Assigned task:
No pictures, nothing altered: return the data below.
Data provided: Begin
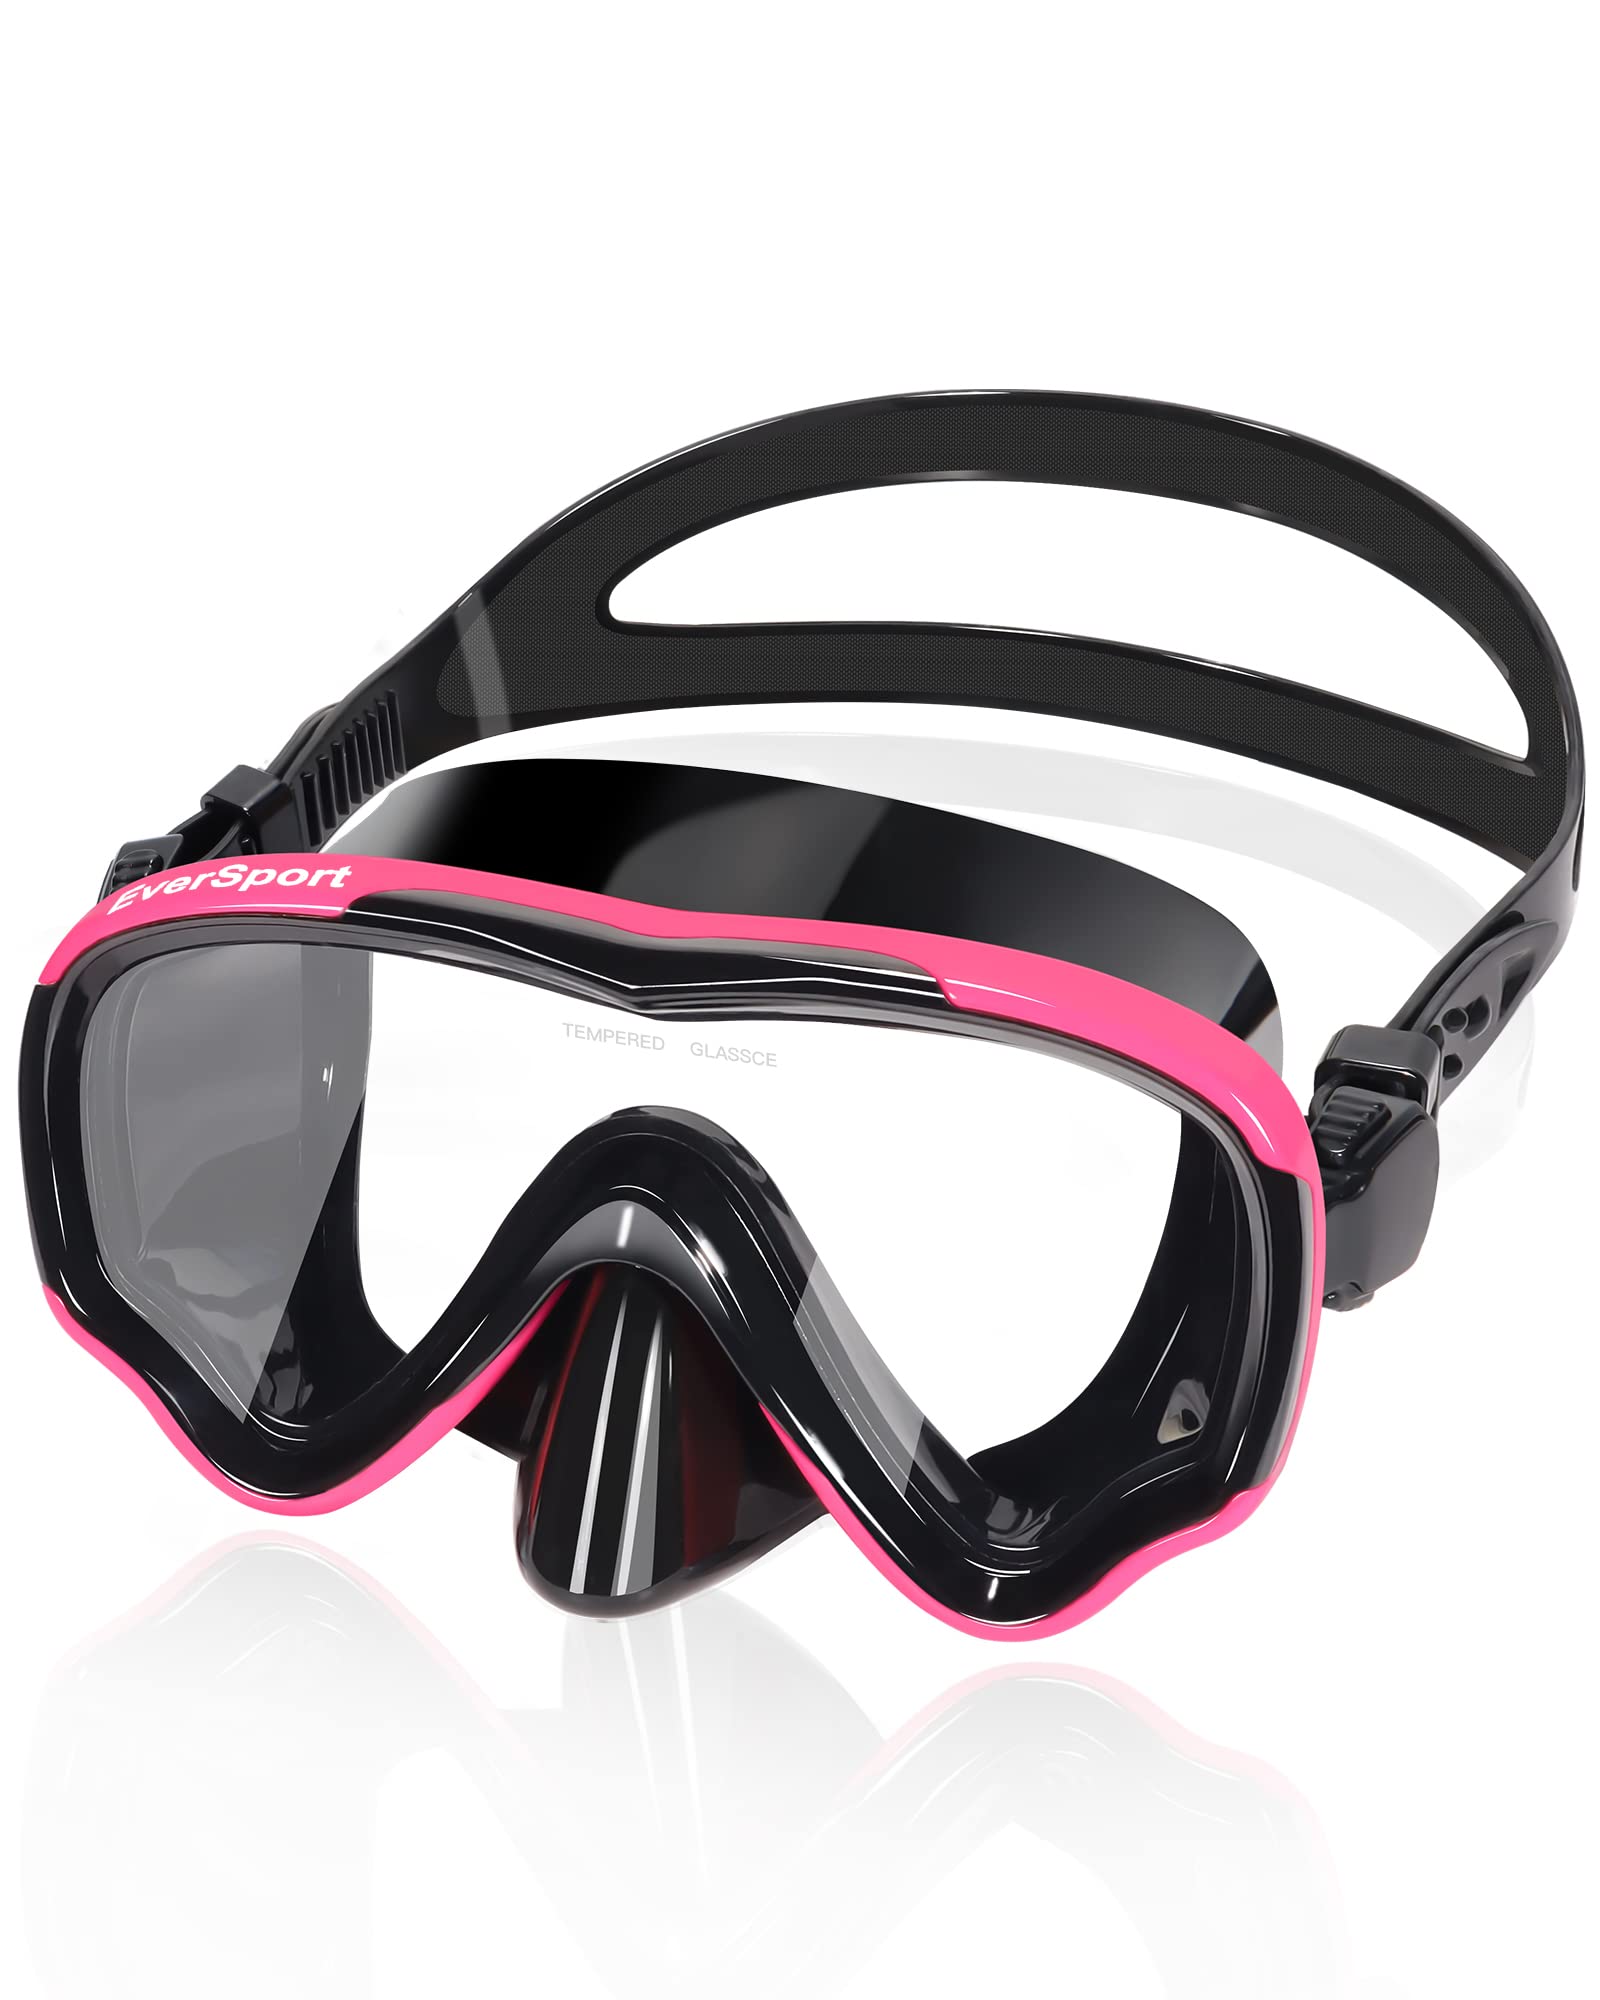 EverSport Swim Goggles
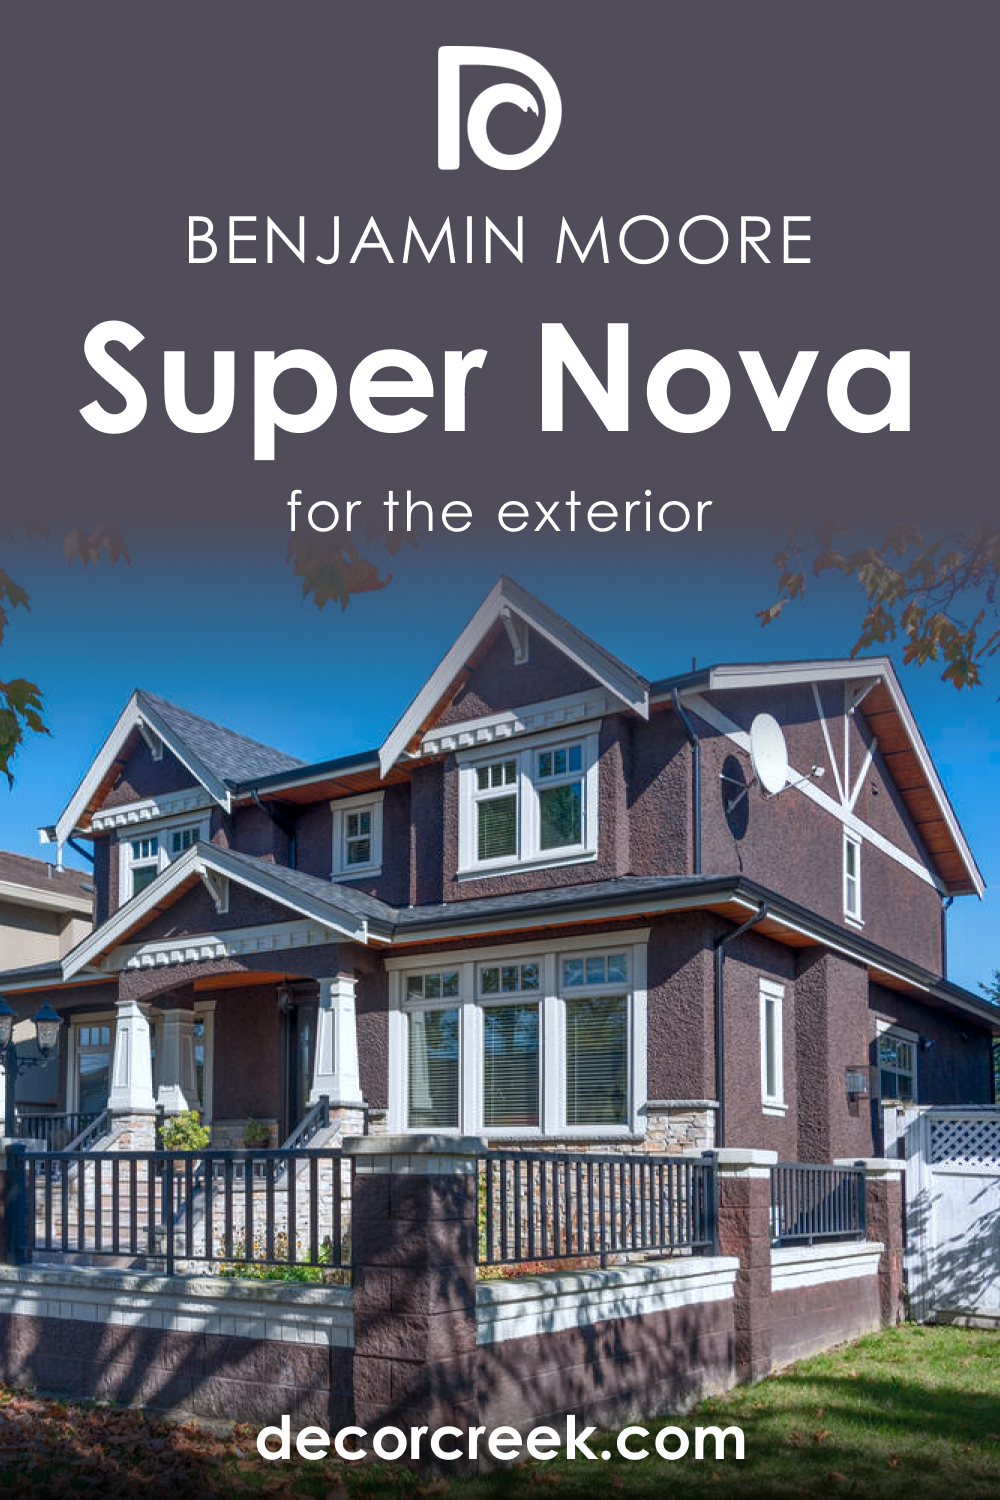 How to Use Super Nova 1414 for an Exterior?
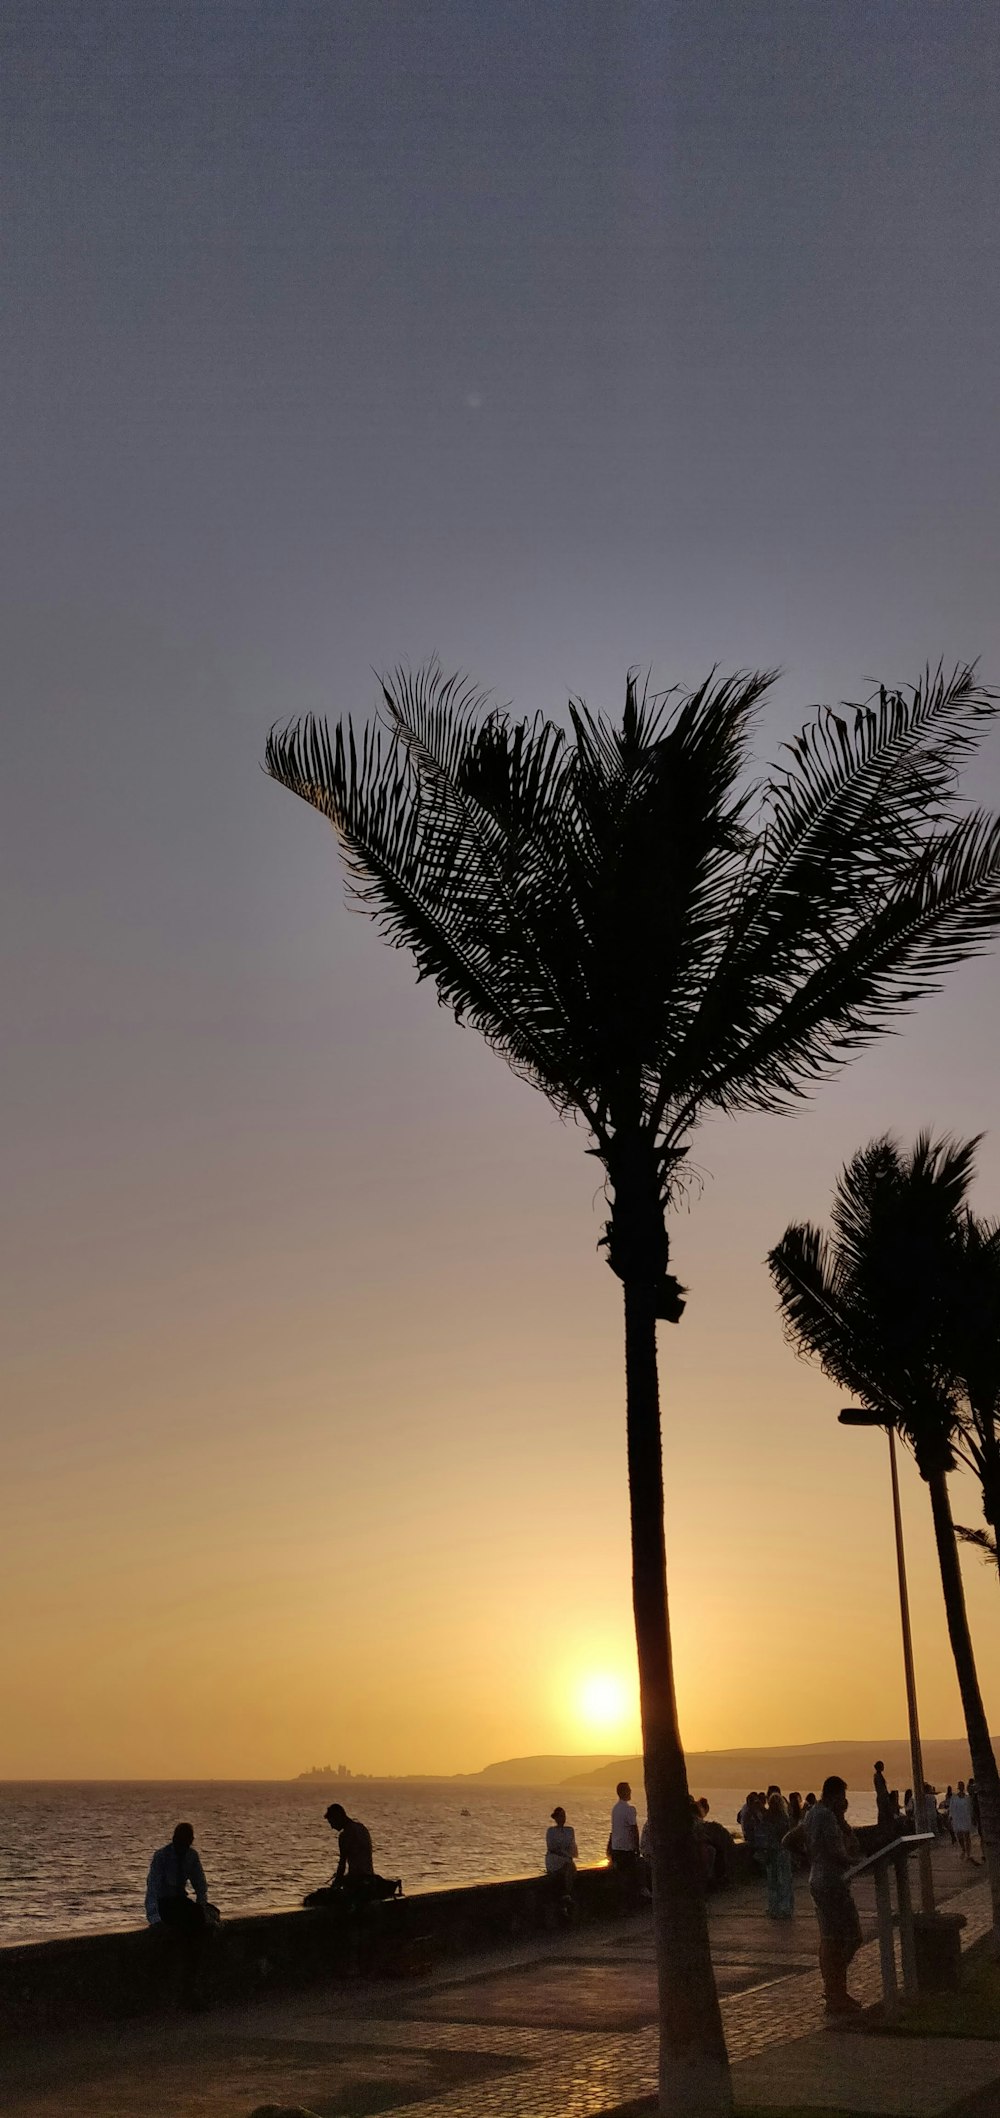 photo de silhouette de palmiers alignés près des personnes assises à l’heure dorée
Data provided: End
Written solution:
 EverSport Swim Goggles
 How to Use Super Nova 1414 for an Exterior?
 photo de silhouette de palmiers alignés près des personnes assises à l’heure dorée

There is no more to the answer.